Over the years, Veridica has debunked numerous false narratives about an alleged link between school, children and anti-Orthodox propaganda, claiming that Romanian students are forced to watch pro-homosexuality propaganda films, and that following education received in schools, they won't know what sex they are or which species they belong to. Also in the same register of Orthodox victimization, local narratives picked on theses from the international conservative spectrum, asserting that the World Health Organization seeks sexual mutilation of children, or that in the USA, Catholic Easter became Transsexual Day. Almost any event, however insignificant, is thus linked to “Christian persecution” through ambiguous and allusive expressions or truncated information.

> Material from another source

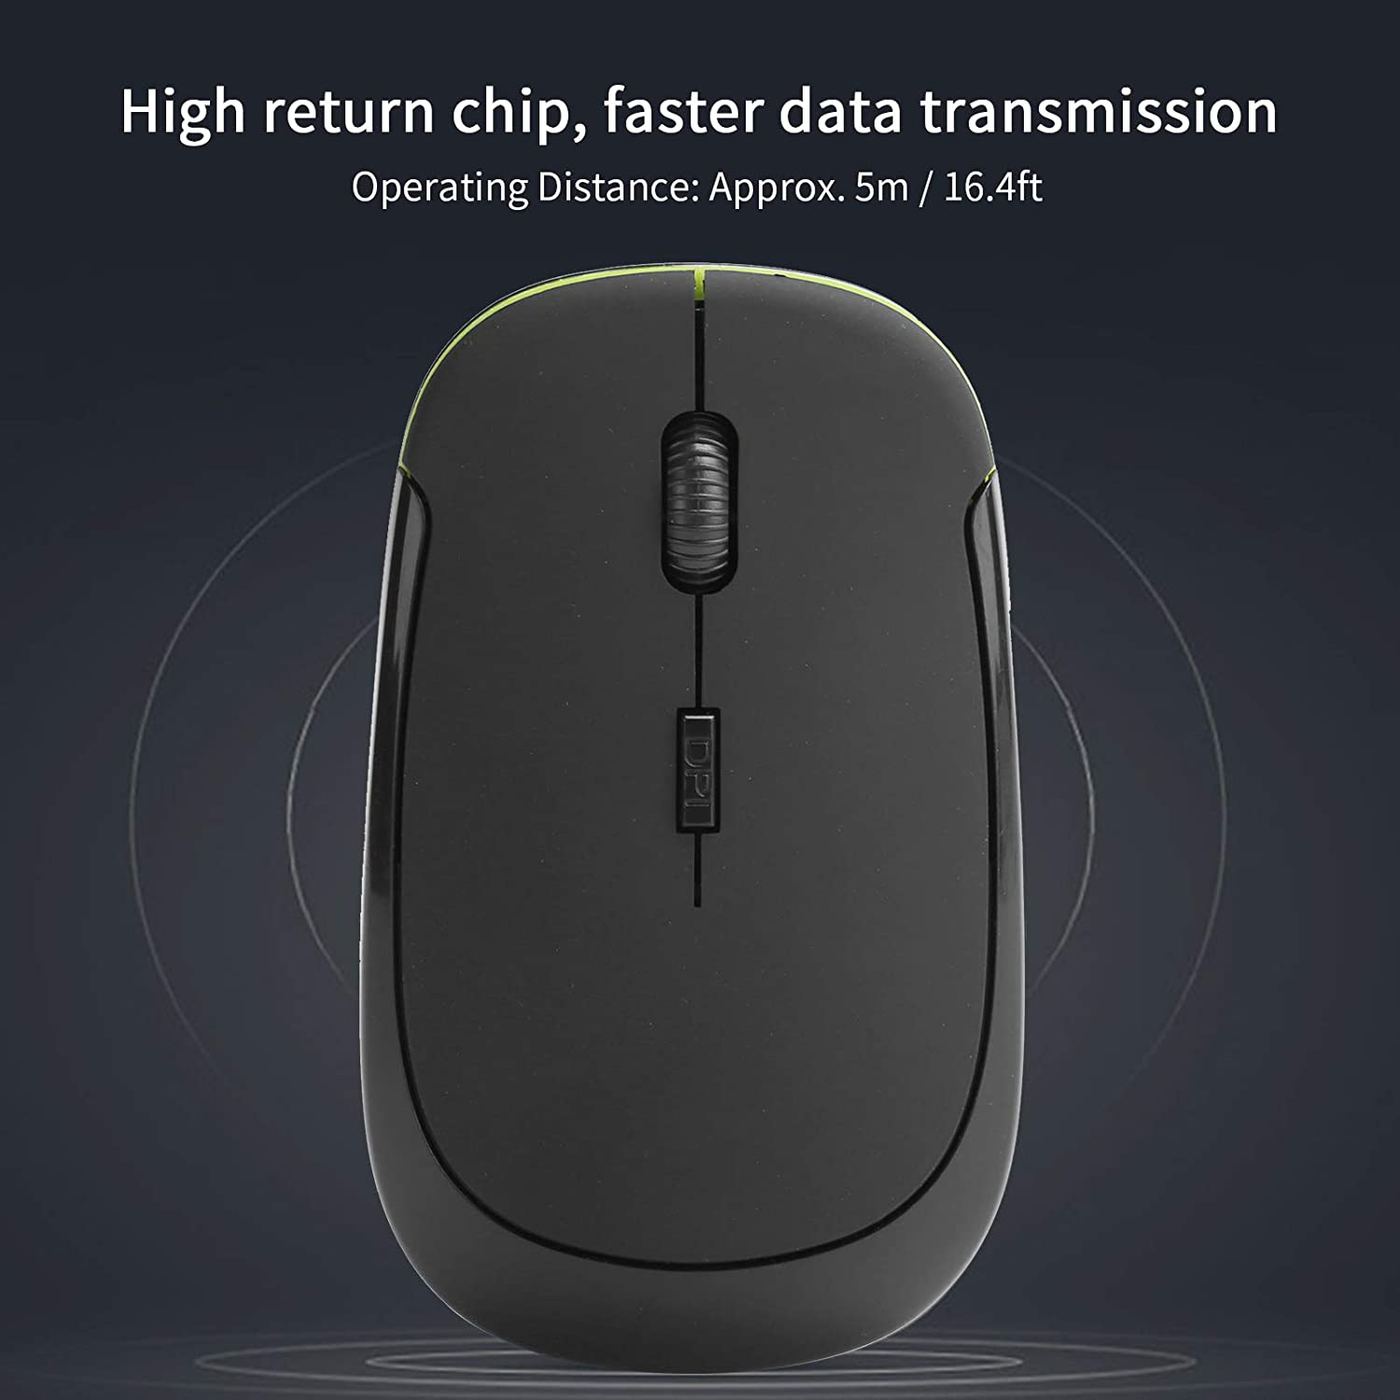 Wireless Mouse 2.4G Wreless Frequency Hopping Adjustable Optical USB Receiver Notebook Computer Accessories 1600dpi Silent Micro Motion Design Lightweight and Portable(Black)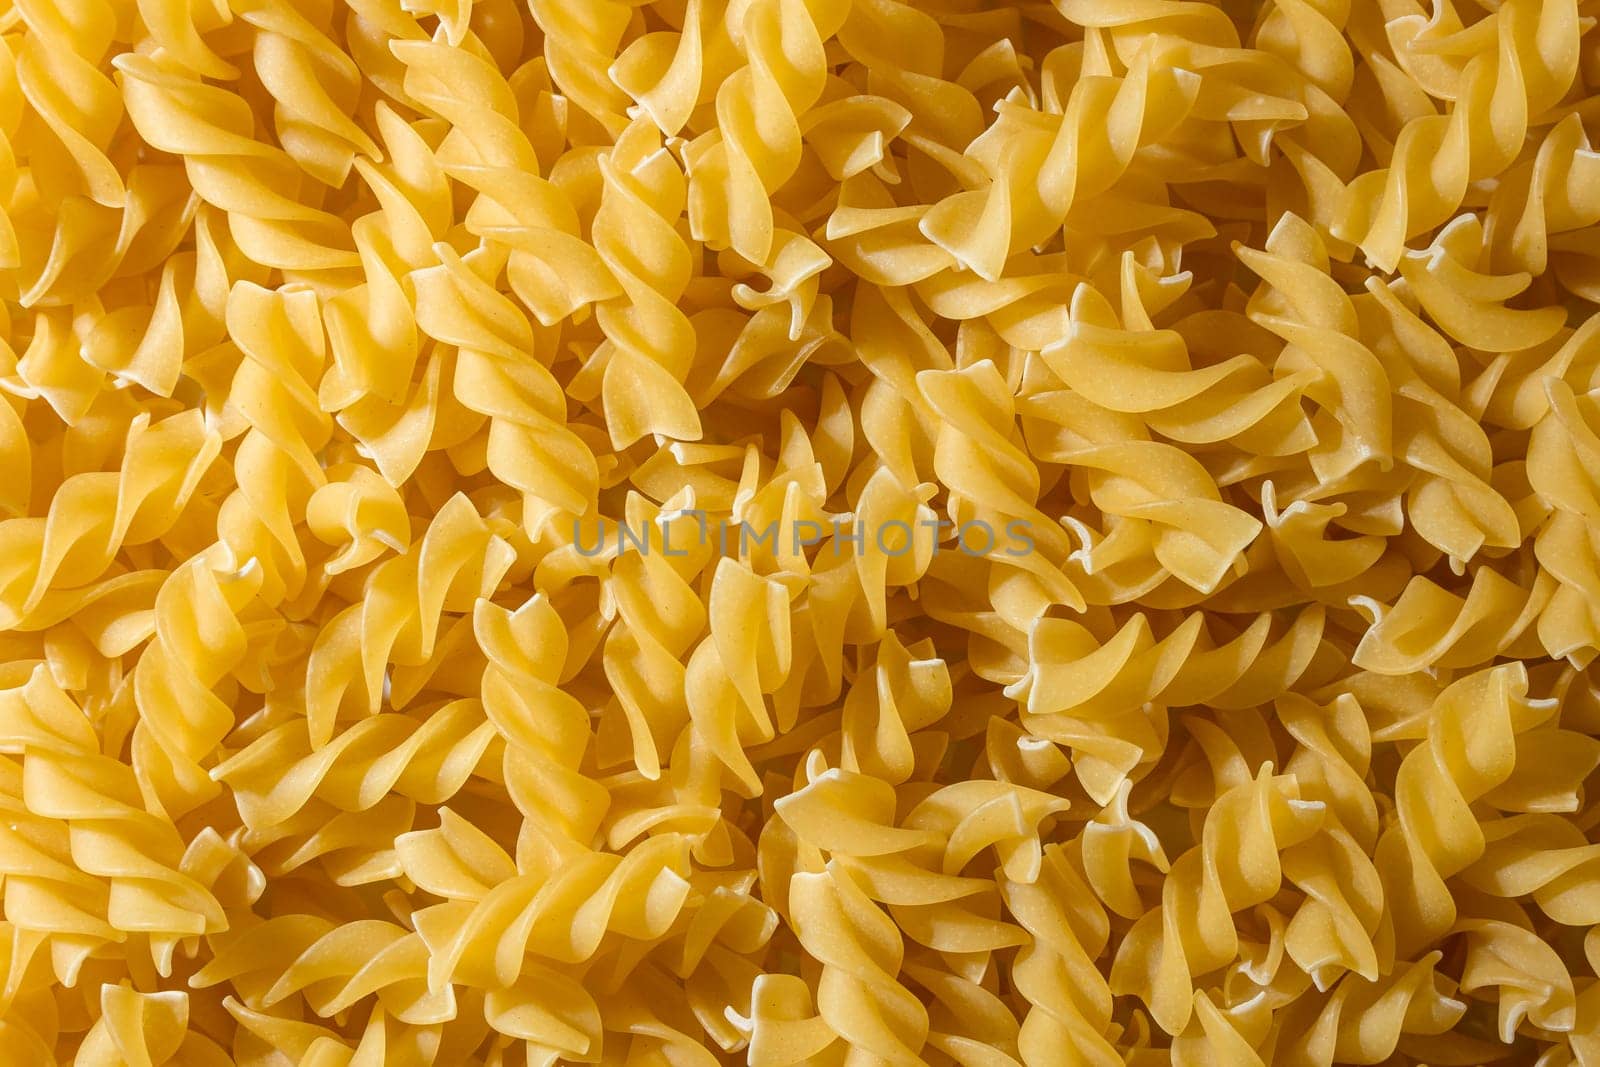 Uncooked Fusilli Pasta: A Culinary Canvas of Spiral Macaroni, Creating a Lively and Textured Background for Gourmet Cooking. Dry Pasta. Raw Macaroni - Top View, Flat Lay

Under these circumstances, ultra-religious propaganda also resorts to purportedly scientific arguments that bring the Church closer to contemporary ideas and lifestyles, with the aim of validating the discourses and behaviors of high clerics with extremist views, such as Teodosie, whose image has become synonymous in the eyes of Romanian ultraconservatives with “pure” Orthodoxy, the only righteous faith and closest to biblical precepts.
The obsession with water “memory” – one of Călin Georgescu recurrent themes
Additionally, bringing water-related topics back into the public’s attention has a strong connection to public statements made by the former presidential candidate Călin Georgescu, currently on trial for complicity in attempting actions against constitutional order. On several occasions over time, Georgescu said that water has a memory of its own, that it conveys messages, and that we cannot reduce it to its chemical formula. “We don't know what water is. H2O means nothing”, “Water has memory, and through pollution we destroy its soul”, "Water is alive and conveys messages, but we won’t listen", "Water is the key to life, but it is misunderstood. It's the subtle energy that connects spirit to matter" - these are but some of Georgescu's statements on this matter.
We should also note that one of the main narratives of the propaganda war waged by Moscow against the West is humanity's “moral decay and deviation from Christian values”, while its spiritual salvation can only come from Russia, the only space where traditional, Christian-Orthodox values are still preserved.